Changes in the food-plant may change the host's value for parasitoids (Shapiro 1956; Smith 1957; Cheng 1970; Greenblatt & Barbosa 1981; Karowe & Schoonhoven 1992), but few attempts have been made to measure and compare host quality in relation to the plant on which it feeds (Karowe & Schoonhoven 1992). The butterfly, P. brassicae (L.), developed faster and attained greater pupal mass when reared on black mustard, Brassica nigra L. than on Sinapis arvensis. Therefore, differences in host plant quality affect the herbivores and also its parasitoids showing that parasitoid performance is affected by herbivore diet (Gols et al. 2008a, 2008b).

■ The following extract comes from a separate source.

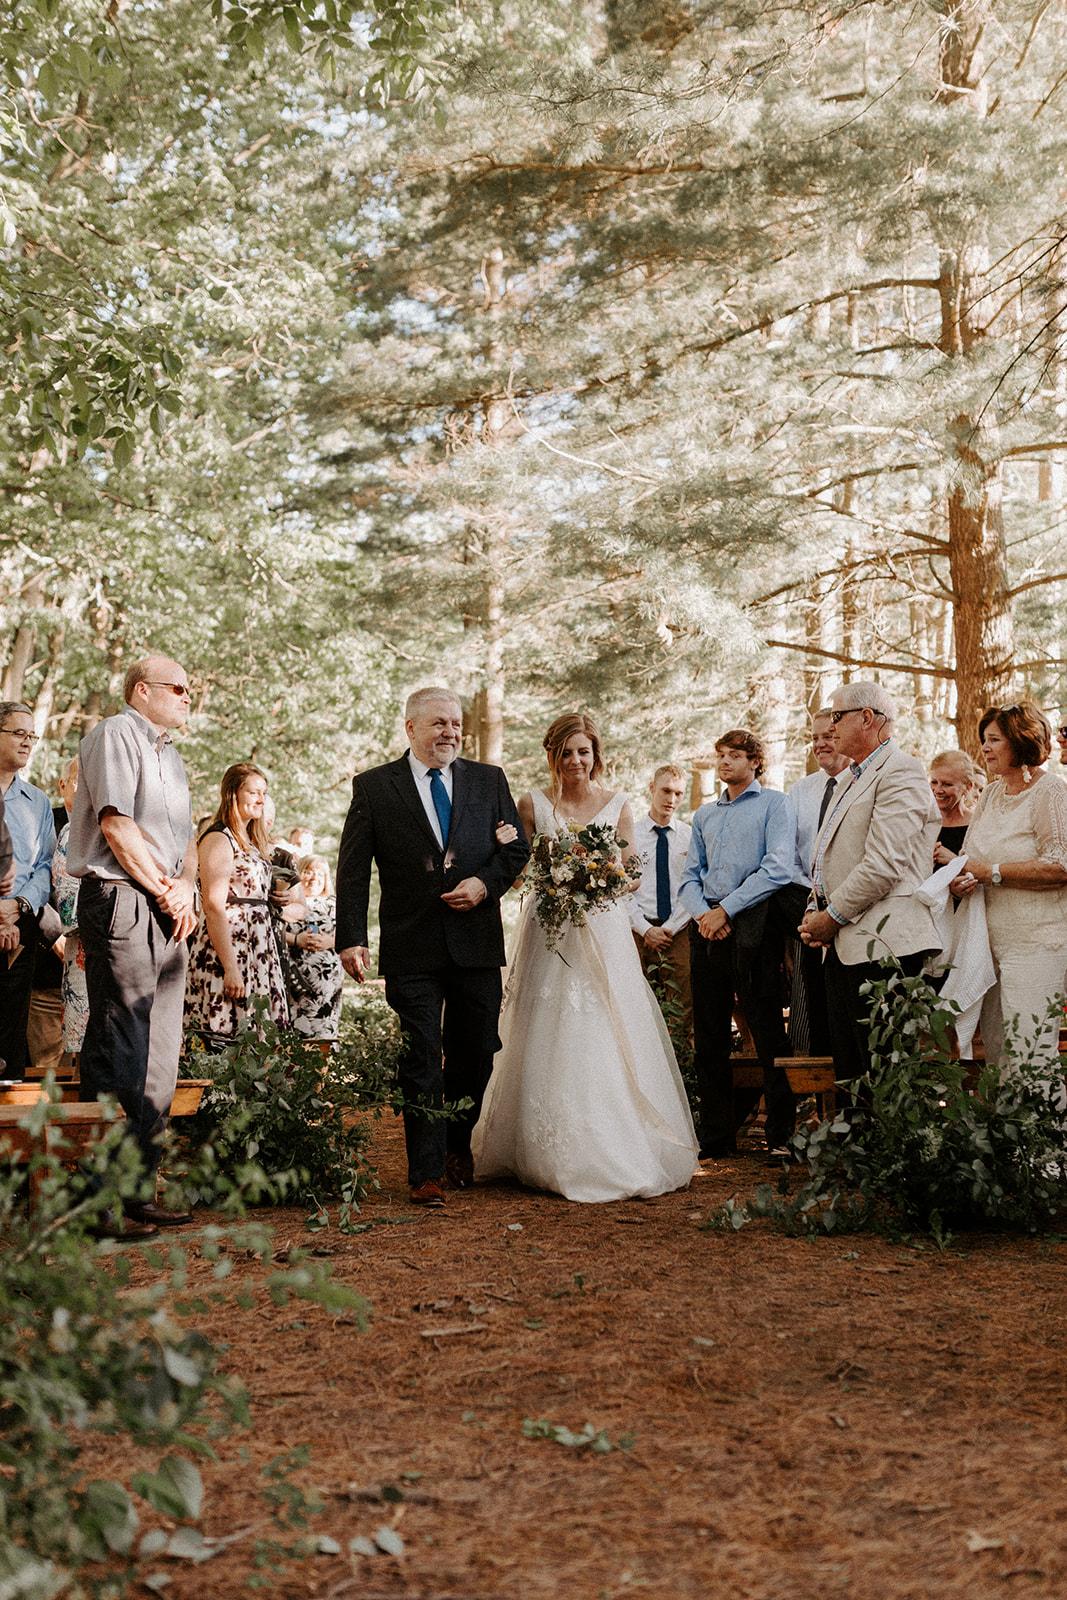 camp_wokanda_peoria_illinois_wedding_photographer_wright_photographs_bliese_0202.jpg

Overall from this study it can be concluded that different host plants have significantly different effects on the ovipositional preference of an herbivore and on the behavior of its parasitoids. The female butterfly discriminates the leaf surface for oviposition/pupation and her preference depends on host plant phenology. Her preference may also express an avoidance of increased risk of predation/parasitism and intra specific competition. Host plants also invite natural enemies to reduce herbivore pressure; consequently natural field parasitism varies per host plant species. In addition, cabbage is found to be the best host plant of P. brassicae for producing excellent quality H. ebeninus parasitoids.